**Directions for this task**
In the listing below, find the line with "Bulbrite BAB TFR" and the line with "IGNANT-Photography-Stefan-Dotter-Sea-Women-Japan-04", then return them and every line between them exactly, minus the pictures.

**Data listing**

= = =

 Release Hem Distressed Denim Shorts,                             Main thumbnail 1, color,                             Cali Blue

= = =

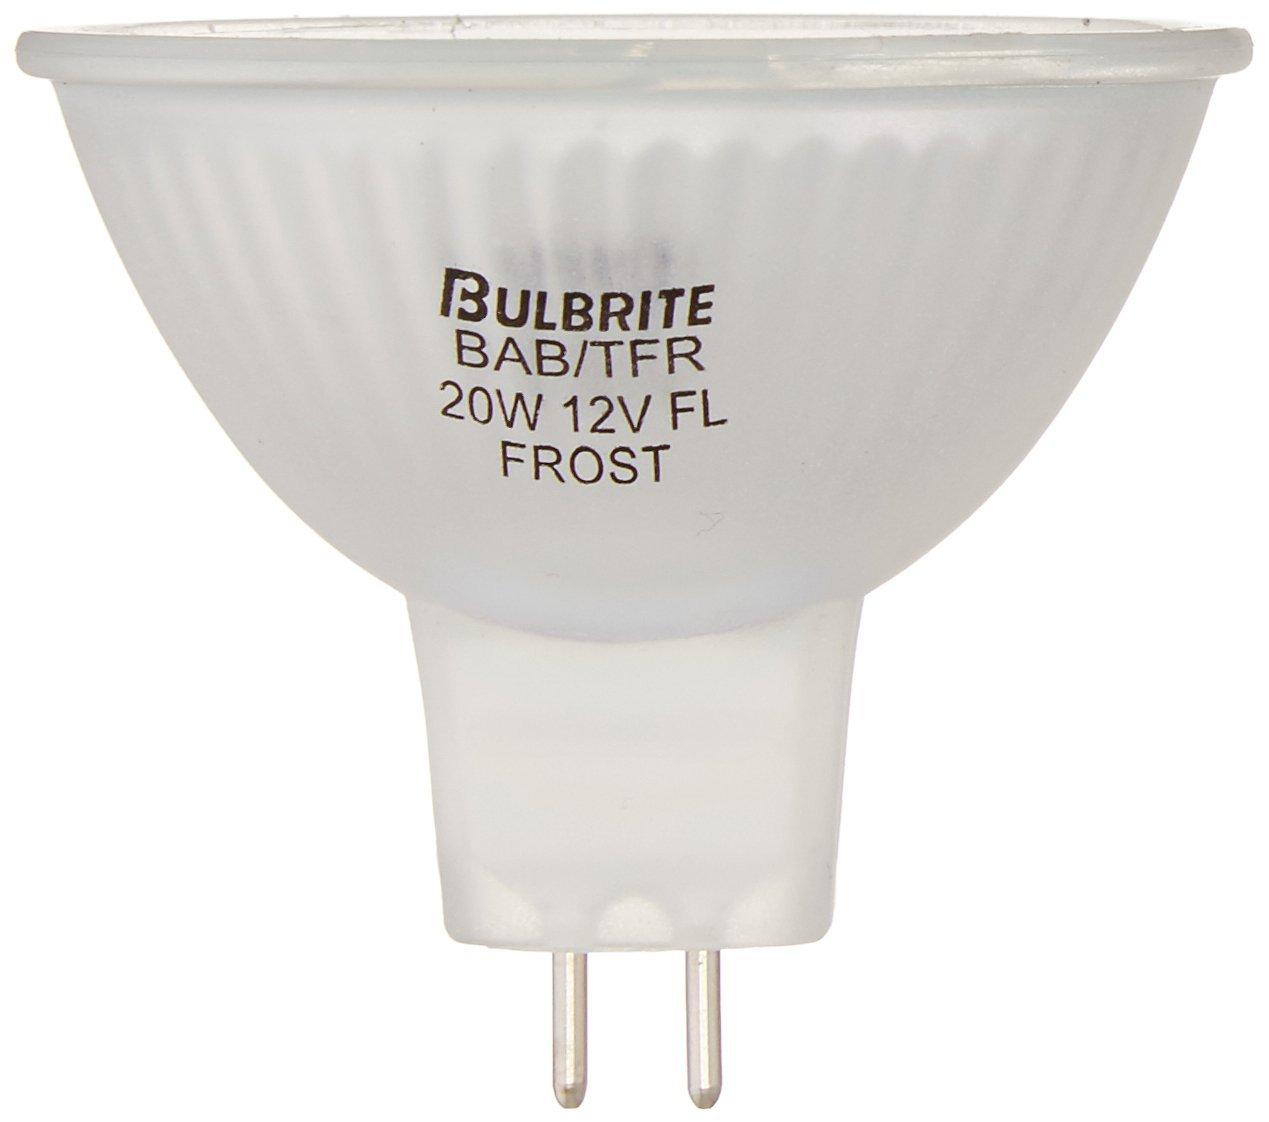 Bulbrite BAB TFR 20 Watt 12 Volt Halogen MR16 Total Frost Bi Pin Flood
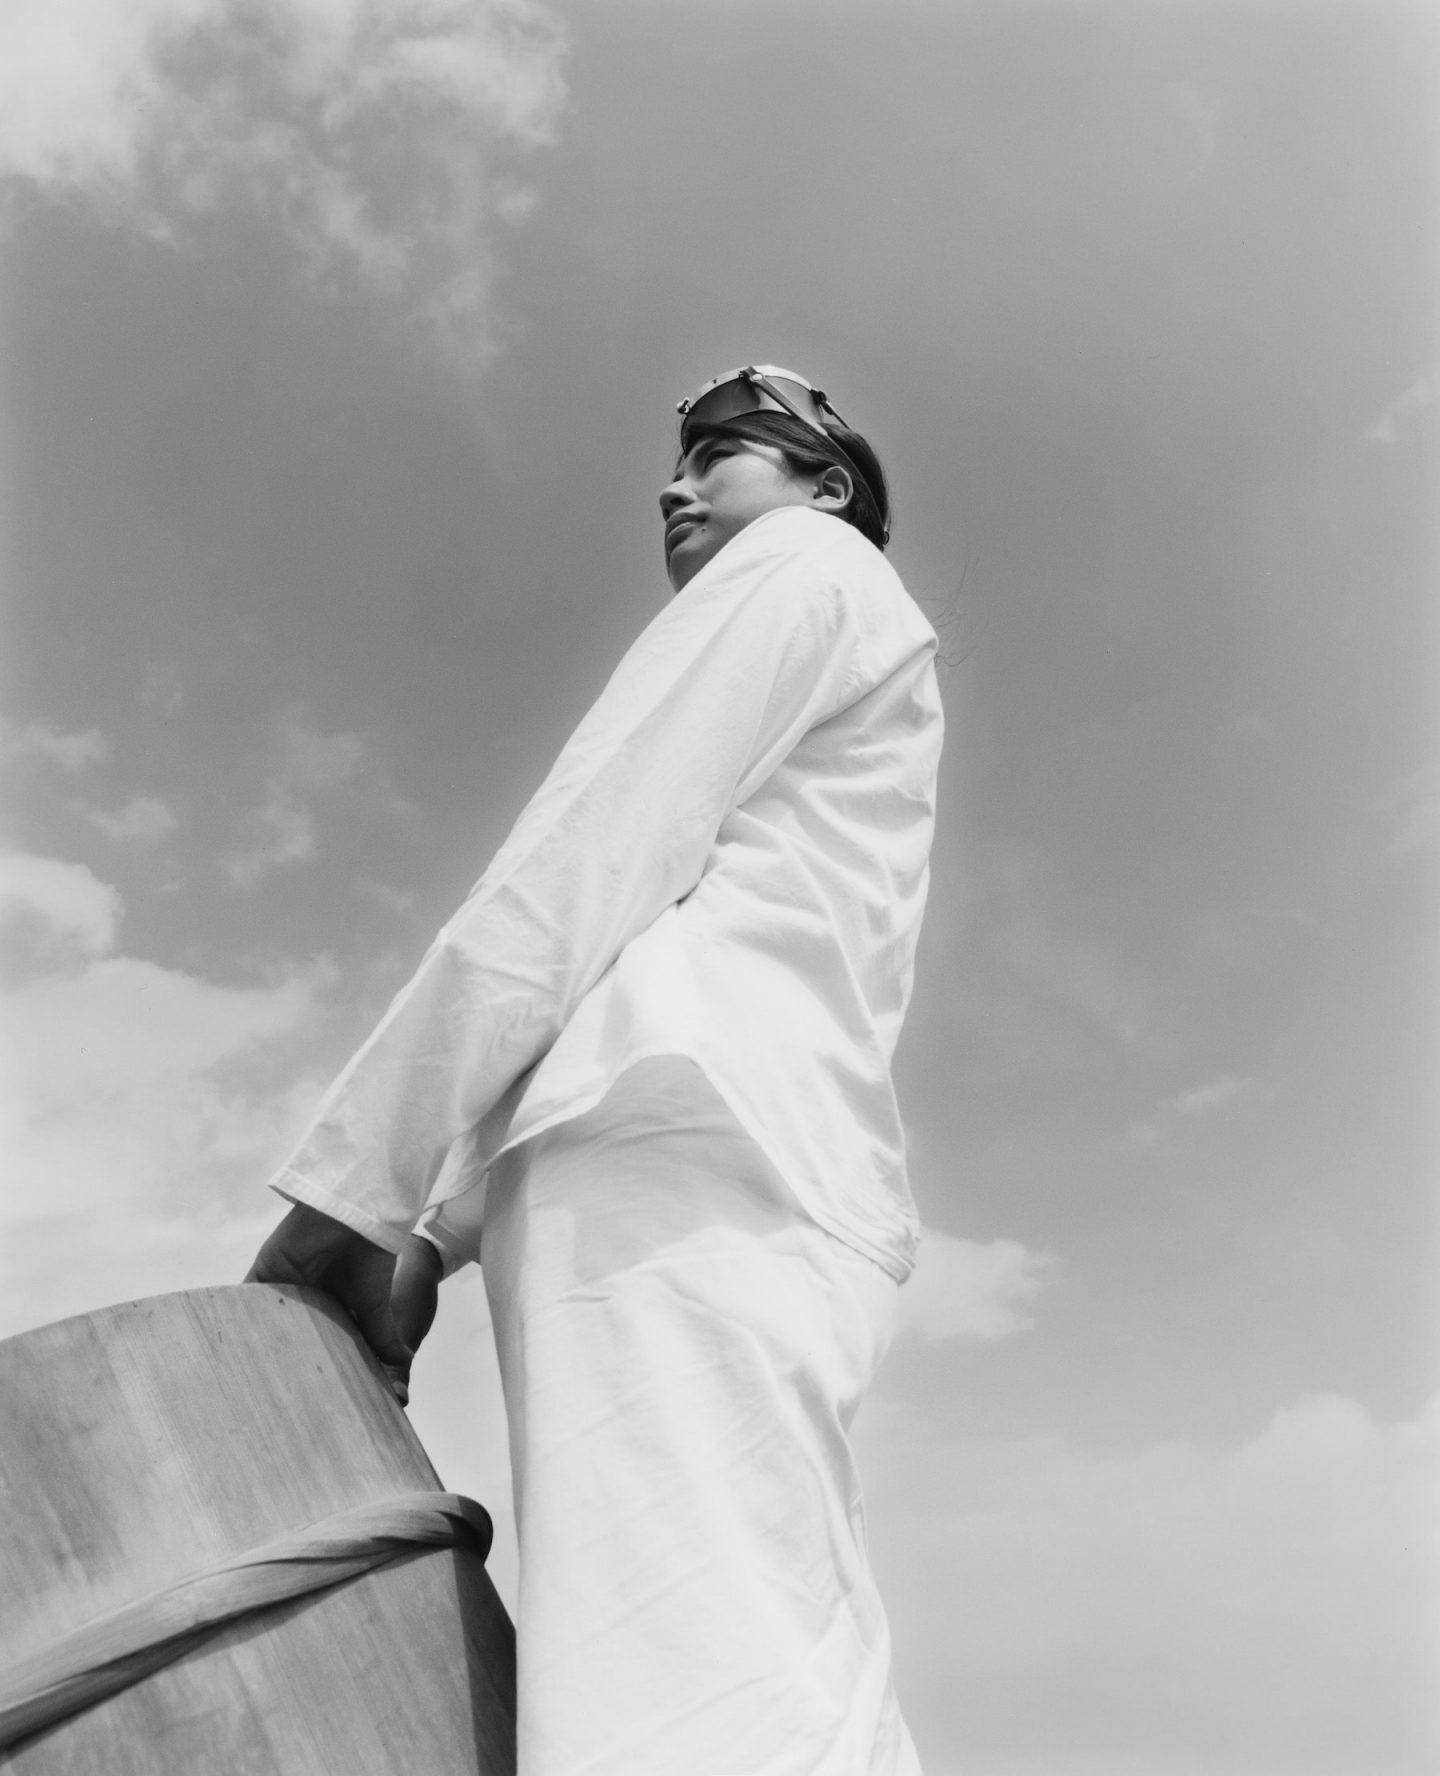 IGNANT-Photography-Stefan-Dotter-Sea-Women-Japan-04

= = =

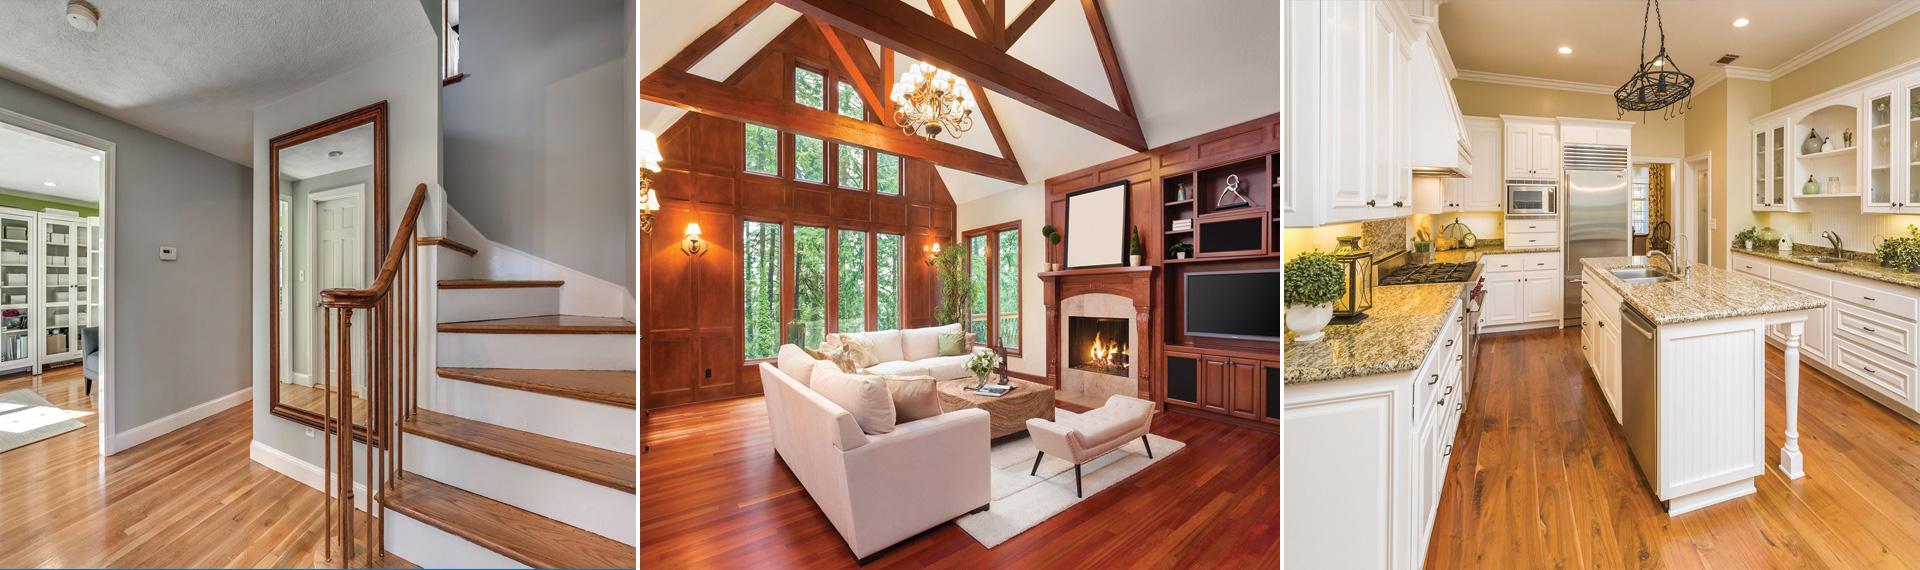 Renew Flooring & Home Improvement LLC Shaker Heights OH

= = =

**Task answer**
 Bulbrite BAB TFR 20 Watt 12 Volt Halogen MR16 Total Frost Bi Pin Flood
 IGNANT-Photography-Stefan-Dotter-Sea-Women-Japan-04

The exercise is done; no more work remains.